Dawn Mahan, PMP :You know all those changing of the digits. But that started my IT career and from there I landed in, you know, accidentally, in the project management role, after being in deep in the tech, like deep in Dilberville I mean it was. It was kind of bad in some cases, but and all the jokes are true and so I got this call one day from Rob, who was one of my favorite salesmen, and you know I'm sitting in my desk Now at this time. I was in Wilmington, delaware, on a high rise, and you know, morning, sitting in your desk, like trying to sip the coffee, trying to wake up, you're in an email stupor and the phone rings like this is the desk phone, right? And? And so I pick it up and it's Rob and he's like hey, I only have a couple of minutes, but I don't want you to freak out. I'm like, well, what do you do when you're in your 20s and you know you're ambitious? You start to freak out a little. And he said your boss is going to come for you and I need you to say yes, I need you to say that you will run this project, because I've been working on this deal for a year. We this project, because I've been working on this deal for a year. We landed it.
Dawn Mahan, PMP :They want to send this other guy. Let's call him Jack. Jack is not the right fit. He goes. He's like 100 years old and they have foosball tables in their office. This is not going to work. I need you, I need you. I need you to say yes. And so I said thanks for the warning, rob and I put the phone down and all these butterflies just kind of exploded in my stomach because I didn't want to let him down and I had no idea that project management was even a career option until he called me. Amazing, you just never know what's going to happen, yeah.
Marc Bernstein:So you got in.
Dawn Mahan, PMP :But then I did a good job, obviously, or I wouldn't be here today and, um, and, and only thanks to Rob's promise, which was we, we won't let you fail and how.
Marc Bernstein:How did that support you? Because I know it's project management has got to be something that you're naturally good at, but it sounds like there were some challenges along the way oh for sure.
Dawn Mahan, PMP :I mean, I didn't know what I was doing at all. Right, so I got. I got this. I got this advice much later on. That was the best career advice I ever got, which I love sharing. Which is the best next job is 50% what you know and 50% what you don't know, because the 50% what you know is how you can ground yourself and the 50% that you don't know is how you grow, and I just absolutely love that advice.
Ang Onorato:So, he.
Dawn Mahan, PMP :So the 50% I knew was the tech part, but the 50% I didn't know was the project management part.
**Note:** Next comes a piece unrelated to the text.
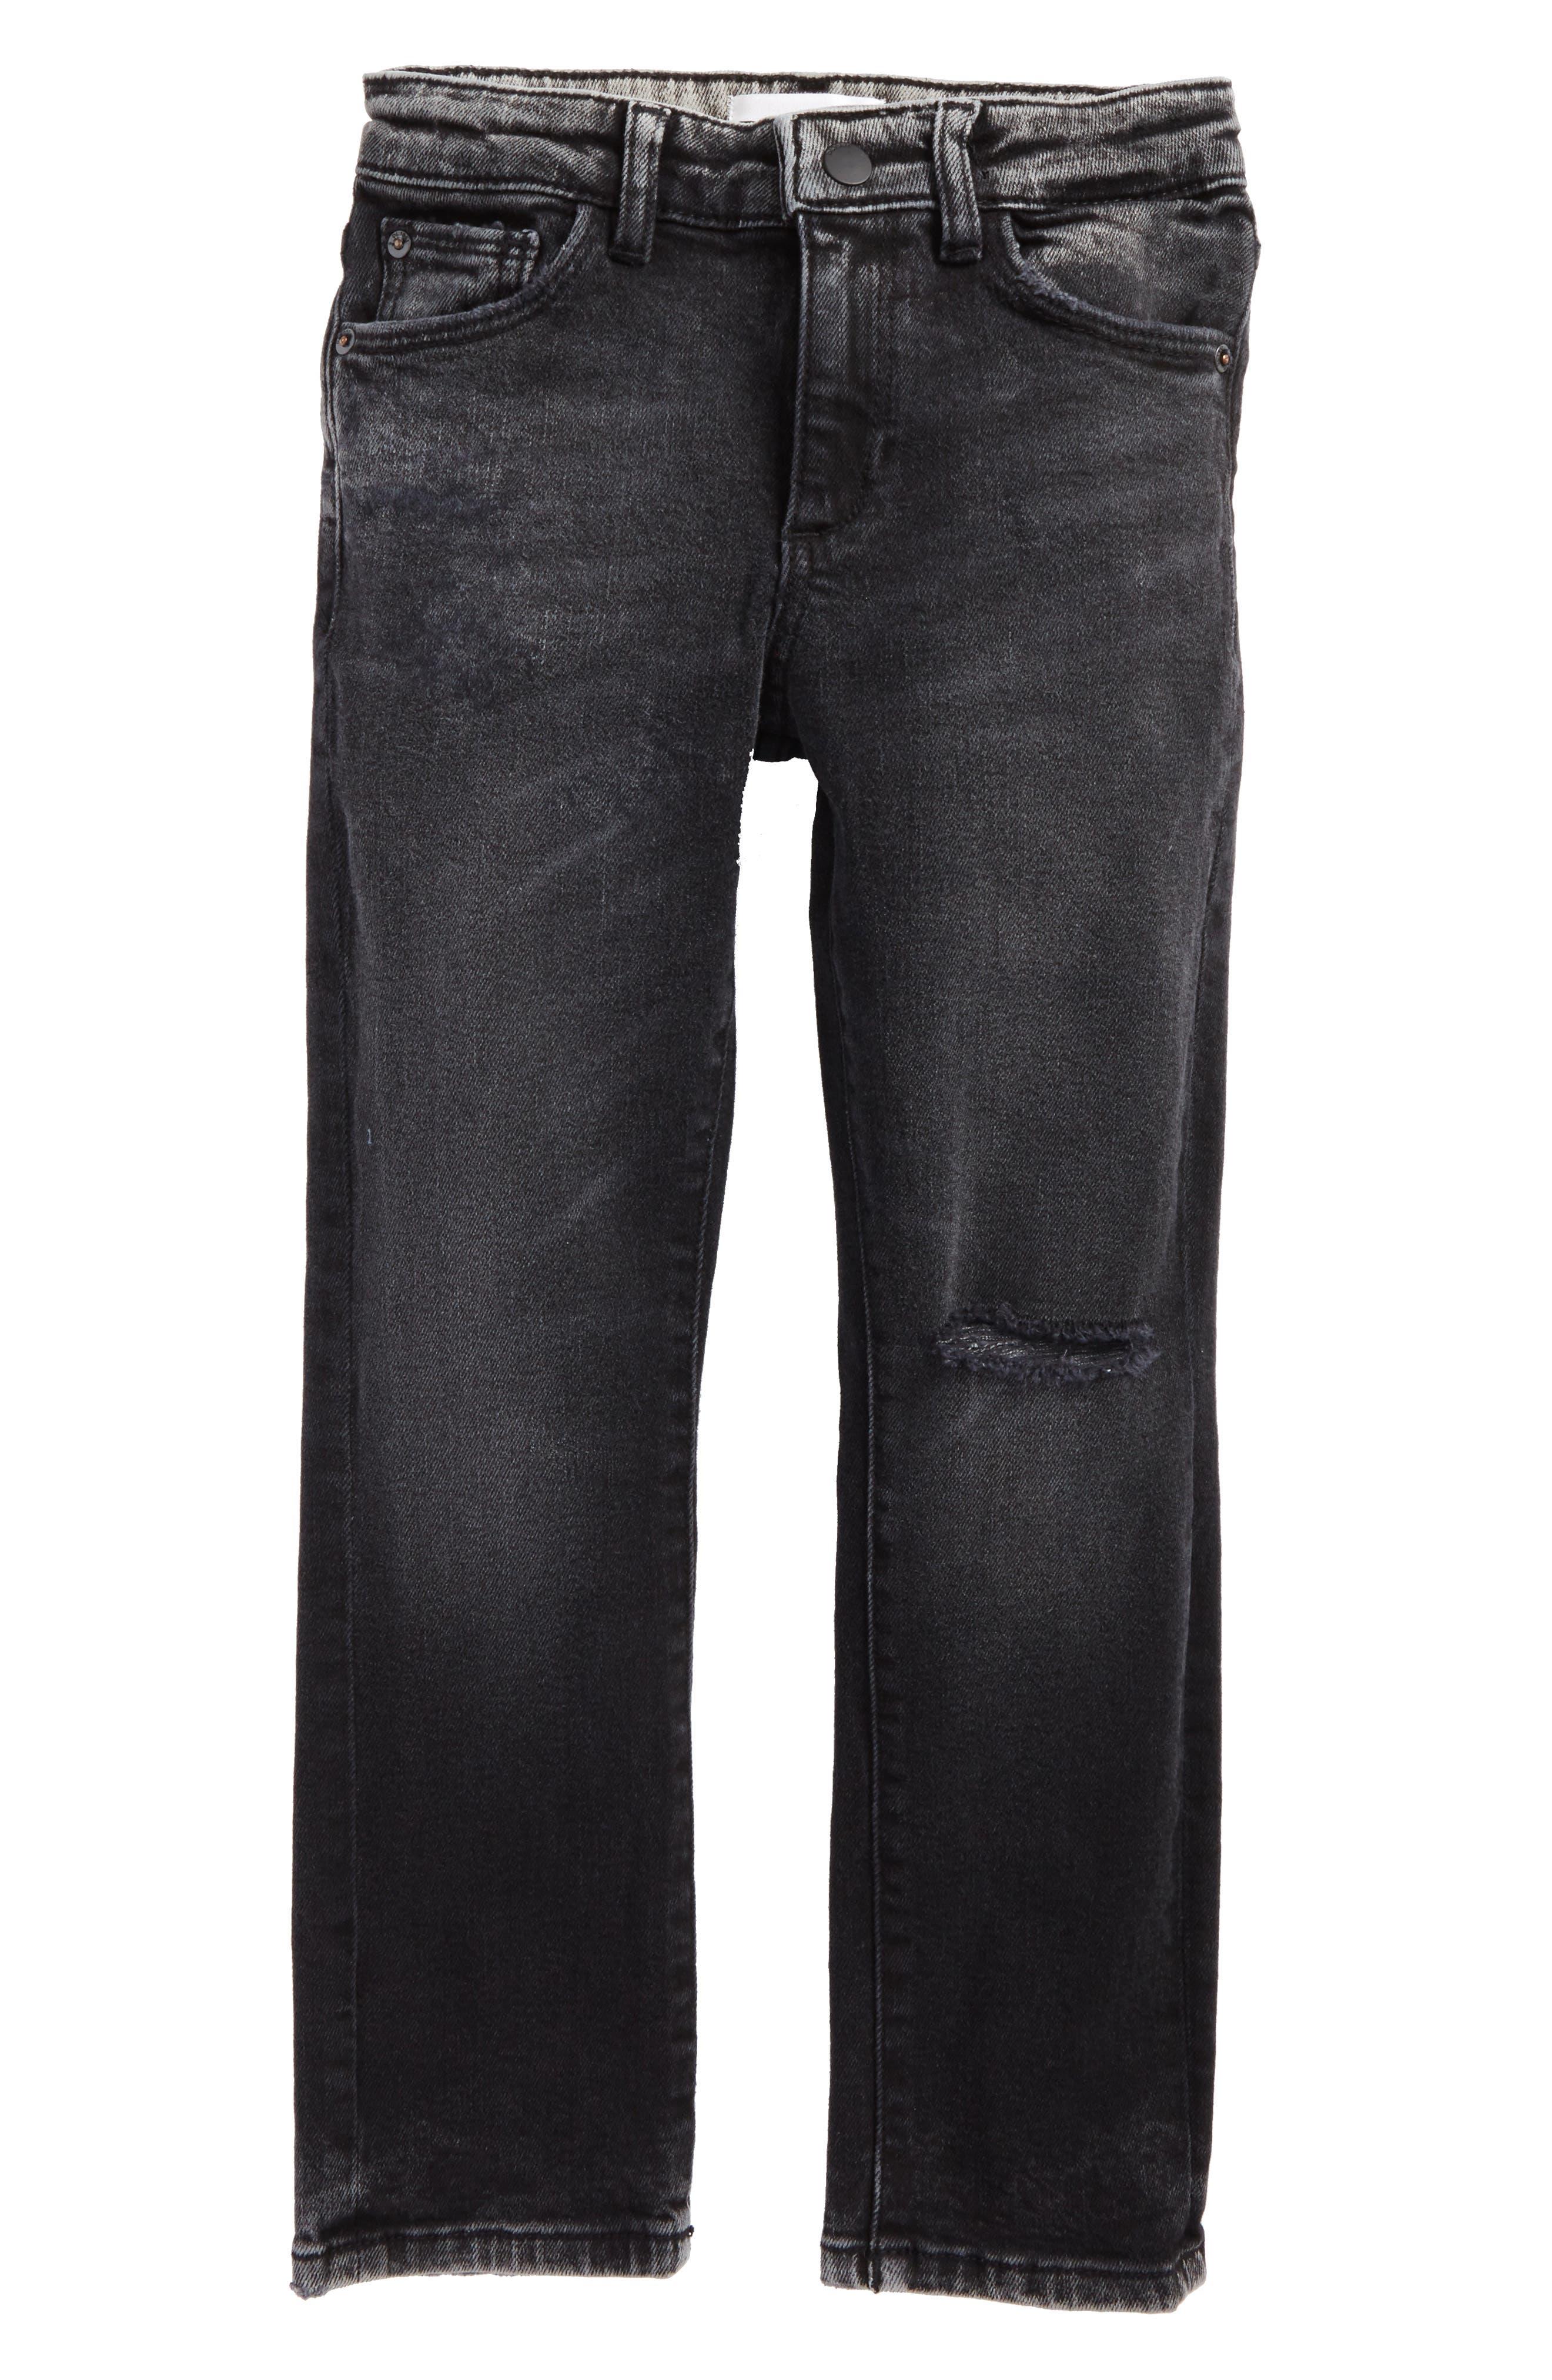 Hawke Skinny Jeans,                             Main thumbnail 1, color,                             020

Yeah, and he and they gave me, uh, uh, what we would now call a coach. But you know they, just they gave me Charlie and Charlie helped, was so kind and patient and helped, helped me stay out of hot water.
Marc Bernstein:So you had two mentors, in a sense, there to a certain extent.
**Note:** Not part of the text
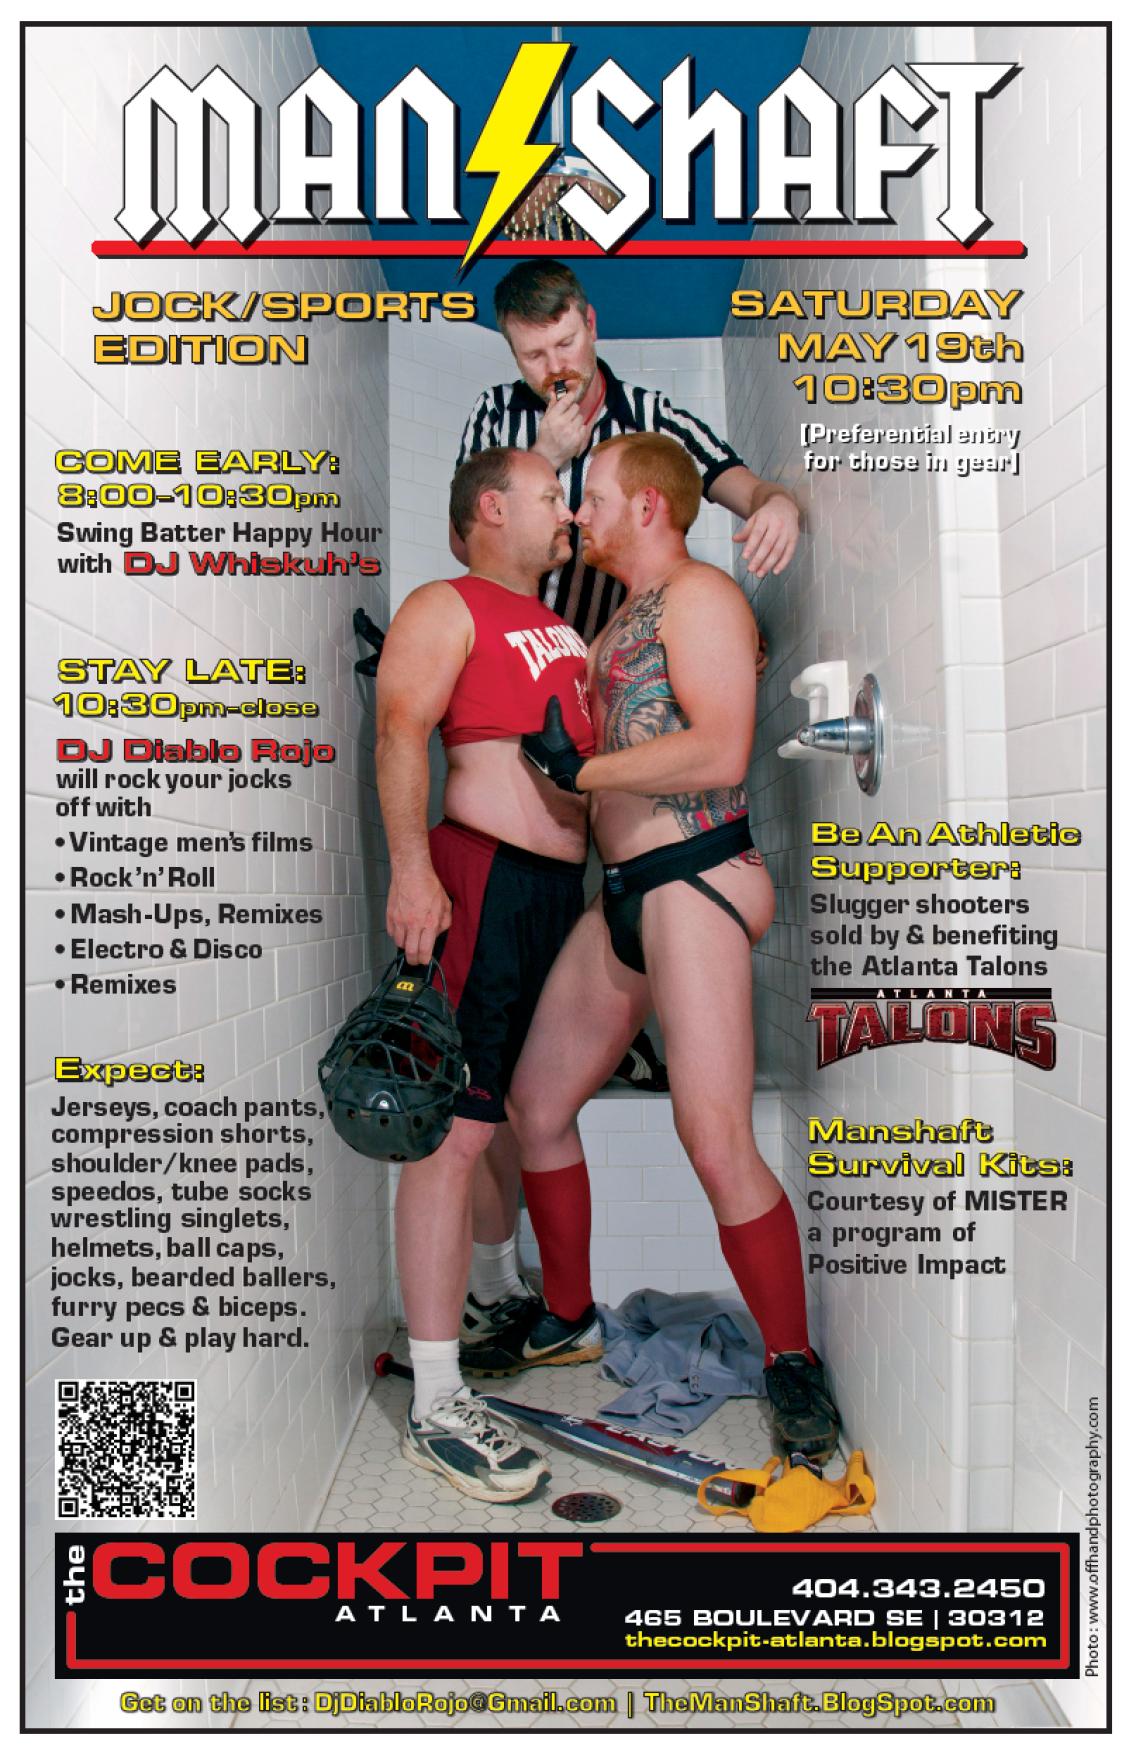 05.19.12: Sports-Jock Edition

Dawn Mahan, PMP :Yeah, for sure, and the and the client was lovely. It was a lady, young lady, ambitious client and she was really terrific. So I was very lucky there.
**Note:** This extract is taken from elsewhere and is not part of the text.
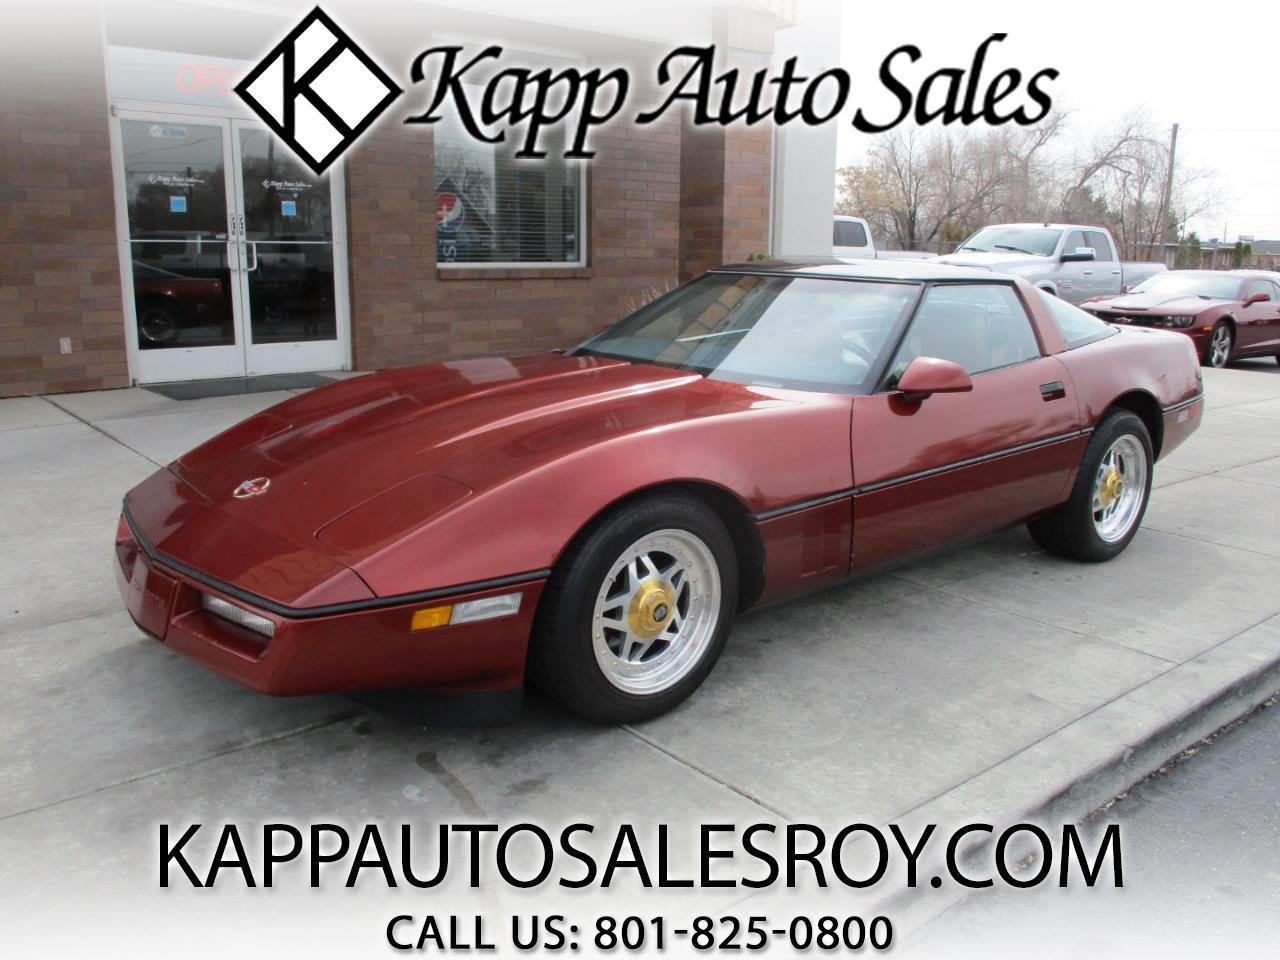 1986 Chevrolet Corvette 2dr Hatchback Coupe

Marc Bernstein:So how did that job help you move into owner of your own company, which is very successful today, you know? Tell us about the rest of that journey.
Dawn Mahan, PMP :So what happens when you get to run a big project and you do a good job with it is then you get a bigger, hairier, scarier project to run and that just continues until you're running the biggest, hairiest, scariest project in the company. Um, and so I ended up moving into the fortune 500 in philadelphia and, uh, I ended up running that, that gig, which we called the 100100 million bet for the C-suite, and these guys were on MSNBC on the regular. I mean it was very serious. And then we got bought by the Fortune 50. There's always a bigger fish, right?
Dawn Mahan, PMP :So I had to decide what to do with my life, because the Fortune 50 company that bought us was not in Philadelphia. The best job I could get would be somewhere else. I didn't want to be and I thought I had to do some soul searching, which I most certainly did, and I spoke with 22 trusted advisors of mine that had worked with me when I was in consulting that I respected a lot, that were clients, you know, and all but one who knew me in my darkest days only and who didn't have any risk tolerance at all, anyway, said do it Just go out on your own, just do it.
Marc Bernstein:Excellent, so I did. That is a great point to break for our commercial for the Sattel Institute and we'll be right back and we'll hear the rest of Dawn's story, the.
Announcer:Sattel Institute and we'll be right back when we'll hear the rest of Dawn's story. The Sattel Institute is the leading CEO member organization dedicated to corporate social responsibility. Under the vision and leadership of its founder, entrepreneur and philanthropist, ed Sattel, the Institute brings together CEOs in Philadelphia and other cities to support the nonprofit organizations that do heroic work in our communities. The Sattel Institute believes that community is every leader's business. Thank you. Ceo members get the opportunity to share ideas and experience with their peers, like-minded CEOs who believe in the importance of giving back to the community and who understand the benefits companies get from embracing corporate social responsibility. The Sattel Institute charges no dues or fees In order to join, member companies simply make a long-term commitment to the nonprofit of their choice. To find out more about membership and why so many leading companies are now part of the Sattel Institute, visit the organization's website at sattelinstituteorg. Sattel S-A-T-T-E-L-L instituteorg.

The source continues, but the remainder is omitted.